“Peran masyarakat adat dan komunitas lokal di Indonesia dalam melindungi hutan tropis sangat besar. Merekalah yang telah terbukti sebagai pelindung terbaik bagi hutan-hutan yang ada,” ujarnya di sela kunjungan kerjanya di Surabaya, Jumat.
Menurut dia, keberadaan kelompok ini sangat penting karena berkenaan dengan penanganan perubahan iklim yang juga menjadi pembahasan pokok dalam KTT COP 26 di Glasgow, 2 November lalu.
Dalam KTT yang juga dihadiri Presiden Joko Widodo itu, Inggris, Jerman, AS dan lainnya mengumumkan kerja sama dengan 17 kontributor yang berkomitmen membantu masyarakat adat dan komunitas lokal dalam melindungi hutan tropis.

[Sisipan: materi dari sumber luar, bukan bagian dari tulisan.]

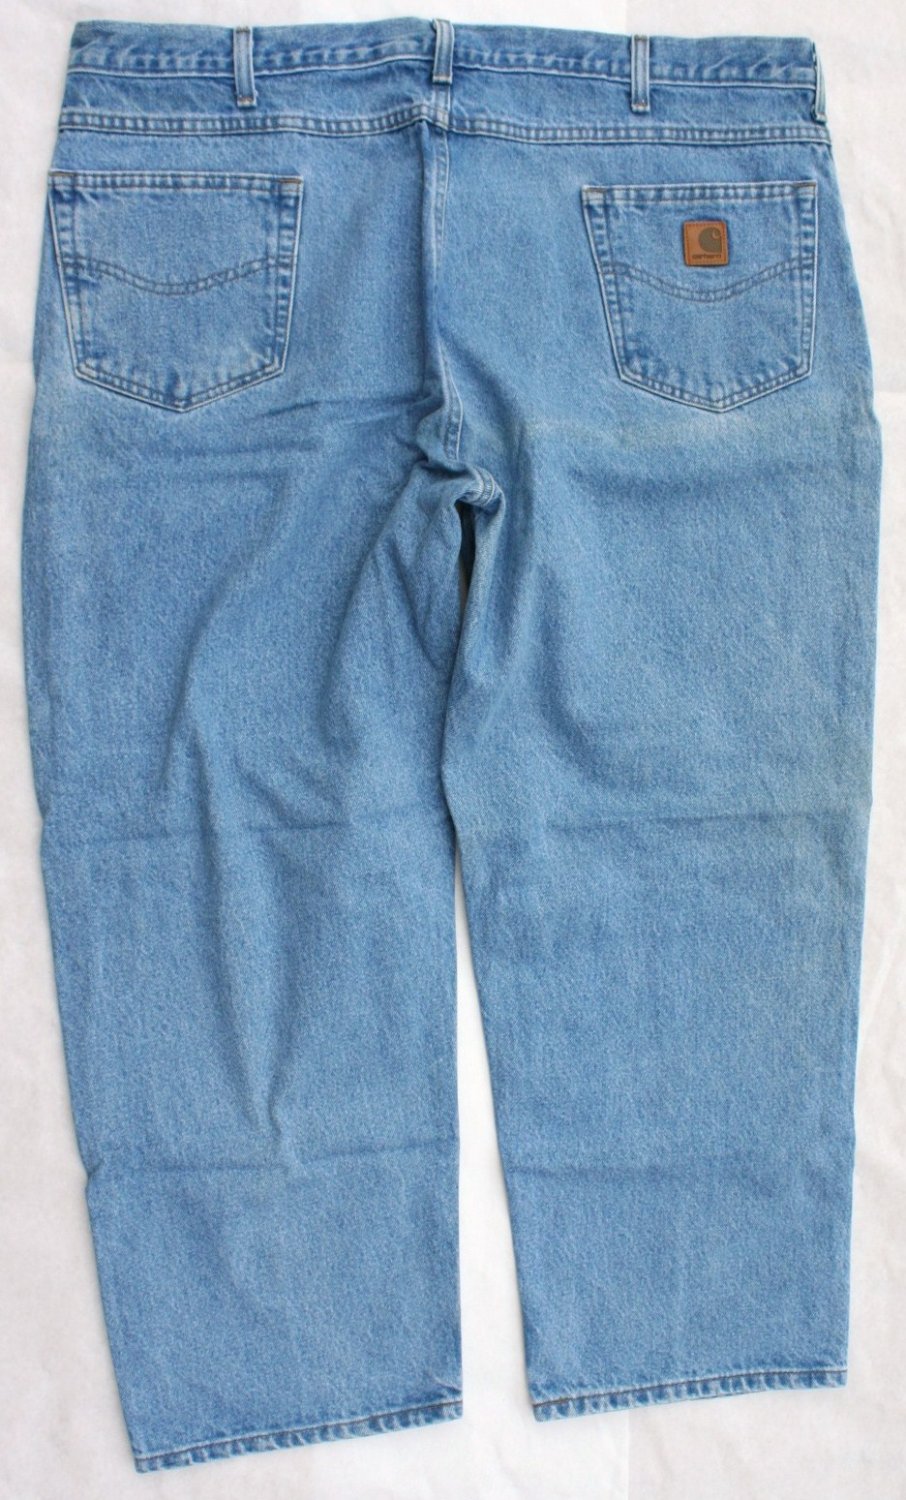 Used Carhartt B160 STW Men’s Relaxed Fit Work Jean 44 x 28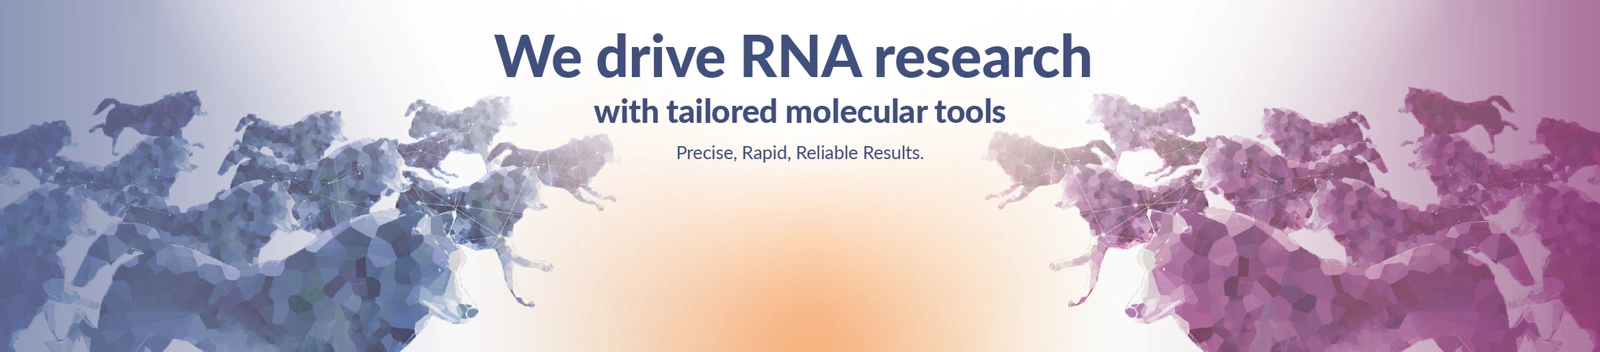 We drive RNA Research with Advanced Molecular Tools

“Oleh karena itu saya meminta pemerintah untuk mengupayakan jaminan kesejahteraan kepada kelompok masyarakat adat di Indonesia dari alokasi investasi tersebut. Sebab tujuan besarnya adalah untuk melindungi bumi dari perubahan iklim dan menjaga berkurangnya keanekaragaman hayati,” ucapnya.
Masyarakat adat dan kelompok lokal, kata LaNyalla, memang sudah seharusnya mendapatkan prioritas.
Ia juga menegaskan bahwa masyarakat adat dan komunitas lokal dari seluruh dunia merupakan kunci solusi perubahan iklim.
Maka, lanjut dia, pemerintah harus menjadikan mitra, mengakui lebih jauh dan memajukan peran masyarakat adat tersebut.
“Selama ini masih banyak terjadi sengketa atau permasalahan kepemilikan tanah dan hak kepemilikan dari masyarakat adat ini di berbagai tempat. Persoalan ini harus diselesaikan dengan baik. Mereka harus diberi penguatan terhadap tanah ulayat atau tanah adatnya,” kata dia.
Dalam KTT COP 26, Presiden Jokowi menyampaikan komitmen Indonesia dalam penanganan perubahan iklim.
Indonesia akan terus berkontribusi dalam penanganan perubahan iklim melalui rehabilitasi hutan mangrove dan lahan kritis yang ditargetkan pada 2030 untuk menyerap karbon bersih.